→ Provided data
┌──
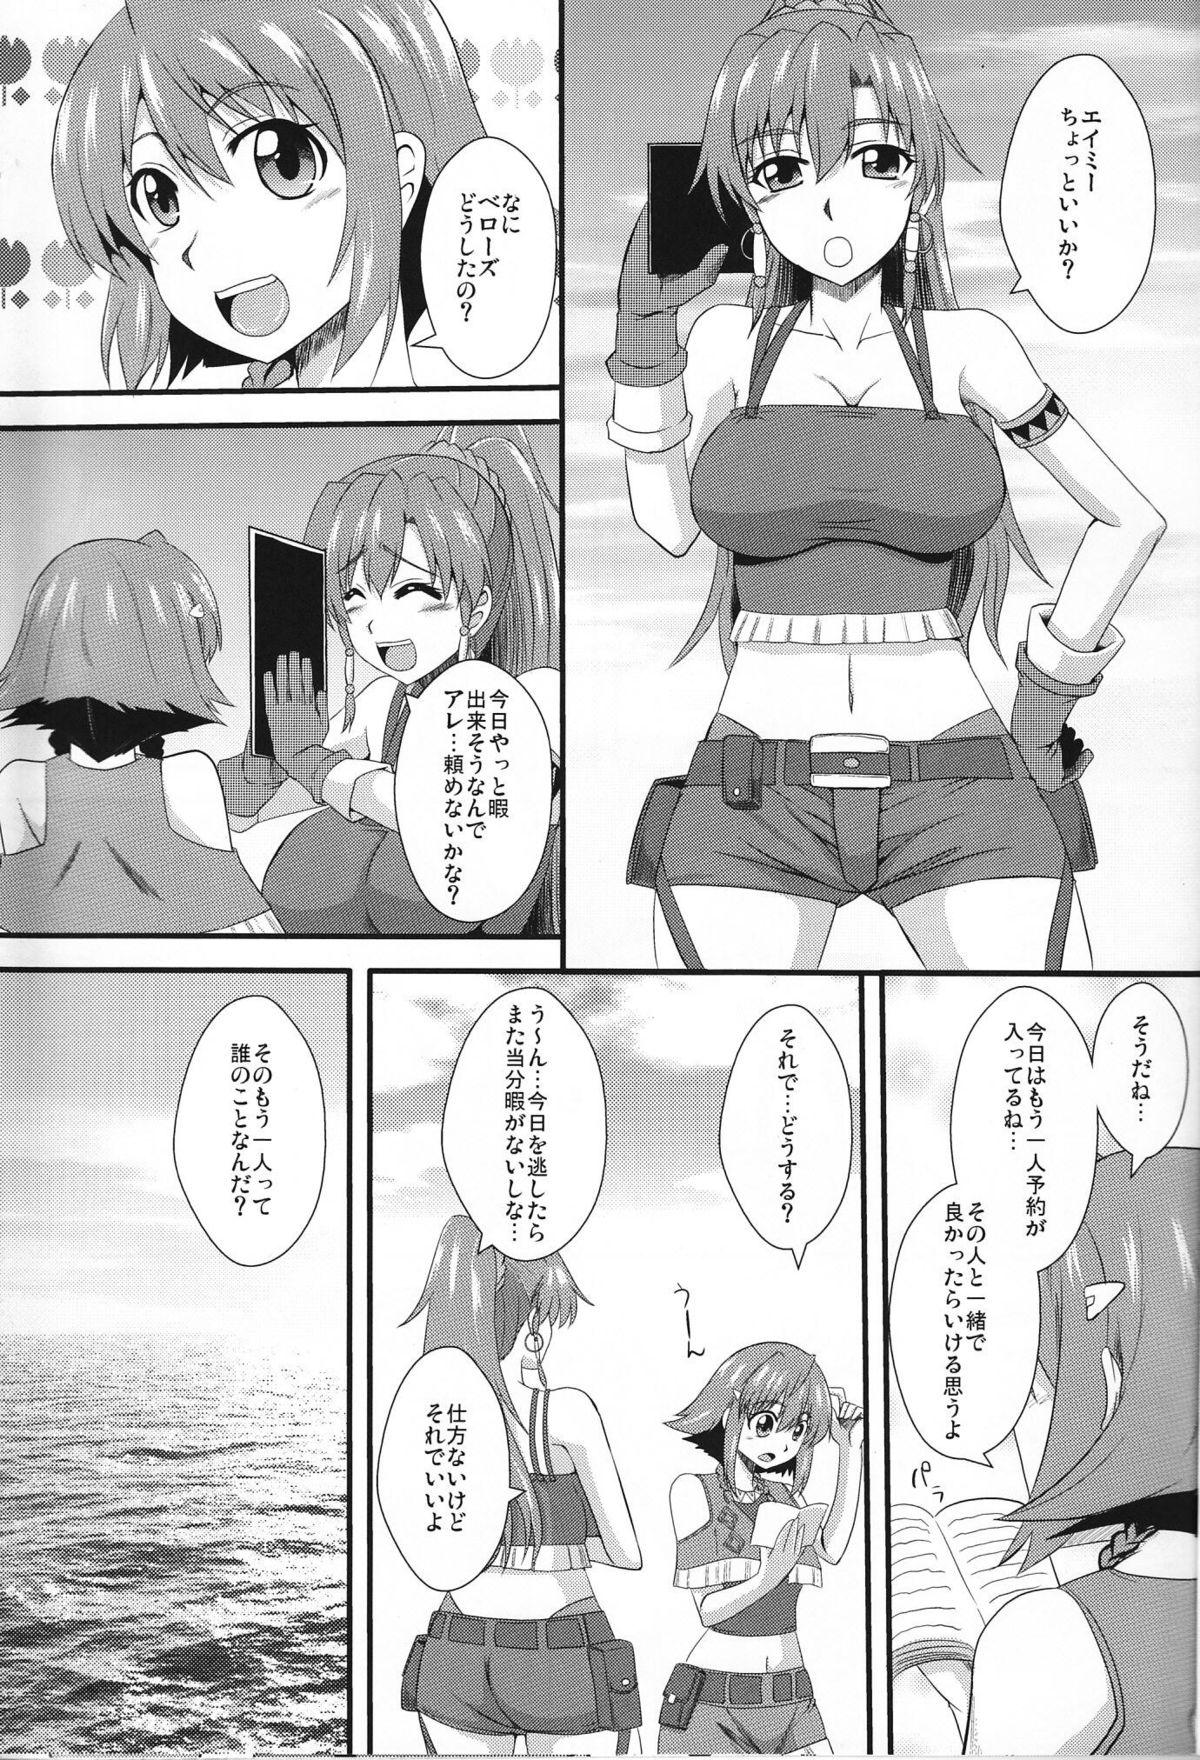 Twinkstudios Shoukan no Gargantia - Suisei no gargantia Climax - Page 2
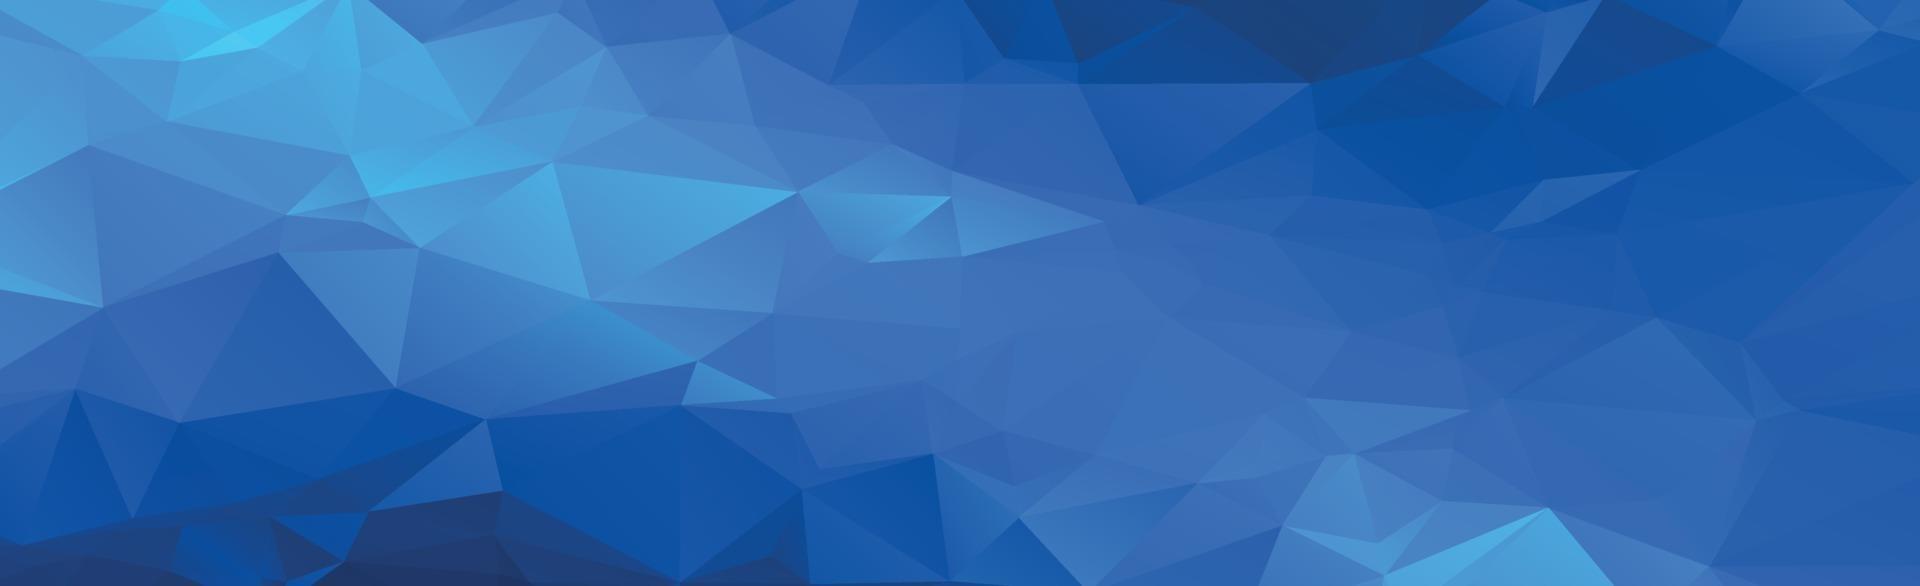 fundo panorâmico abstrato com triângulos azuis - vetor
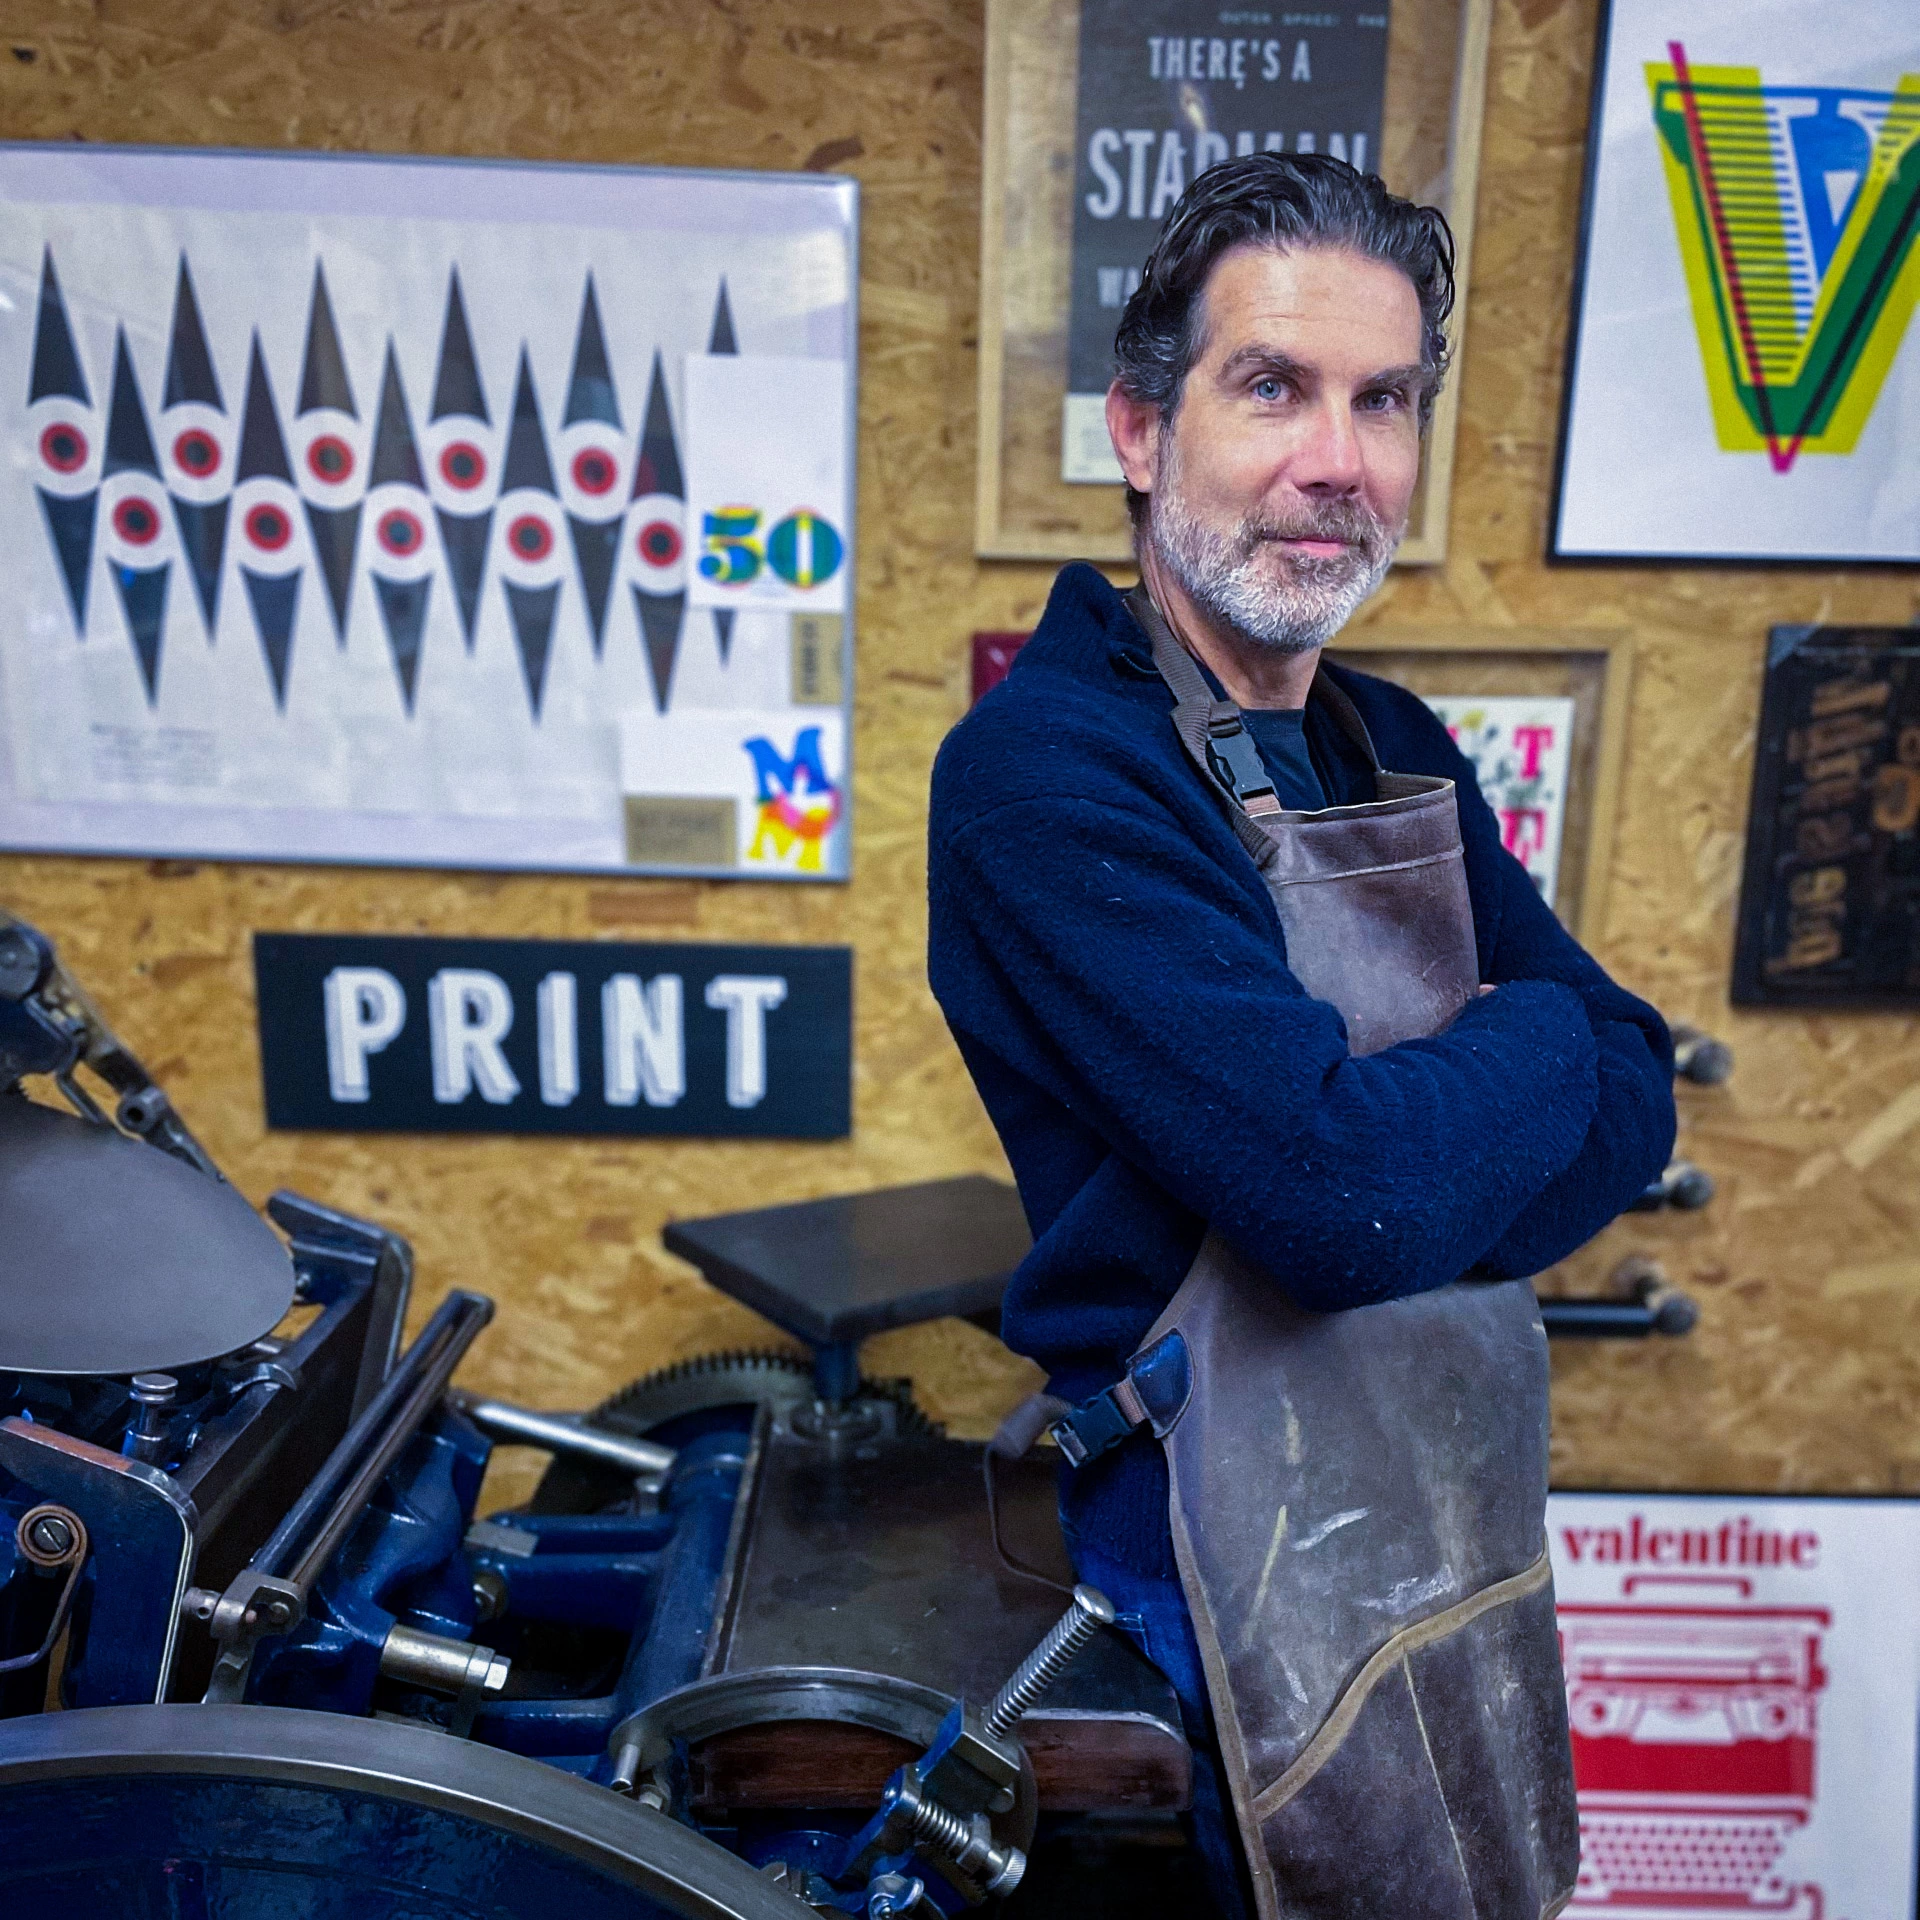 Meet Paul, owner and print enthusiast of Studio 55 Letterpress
└──
→ Required action
What you give back should be the full material above, retyped exactly, with every image removed.

→ Answer section
 Twinkstudios Shoukan no Gargantia - Suisei no gargantia Climax - Page 2
 fundo panorâmico abstrato com triângulos azuis - vetor
 Meet Paul, owner and print enthusiast of Studio 55 Letterpress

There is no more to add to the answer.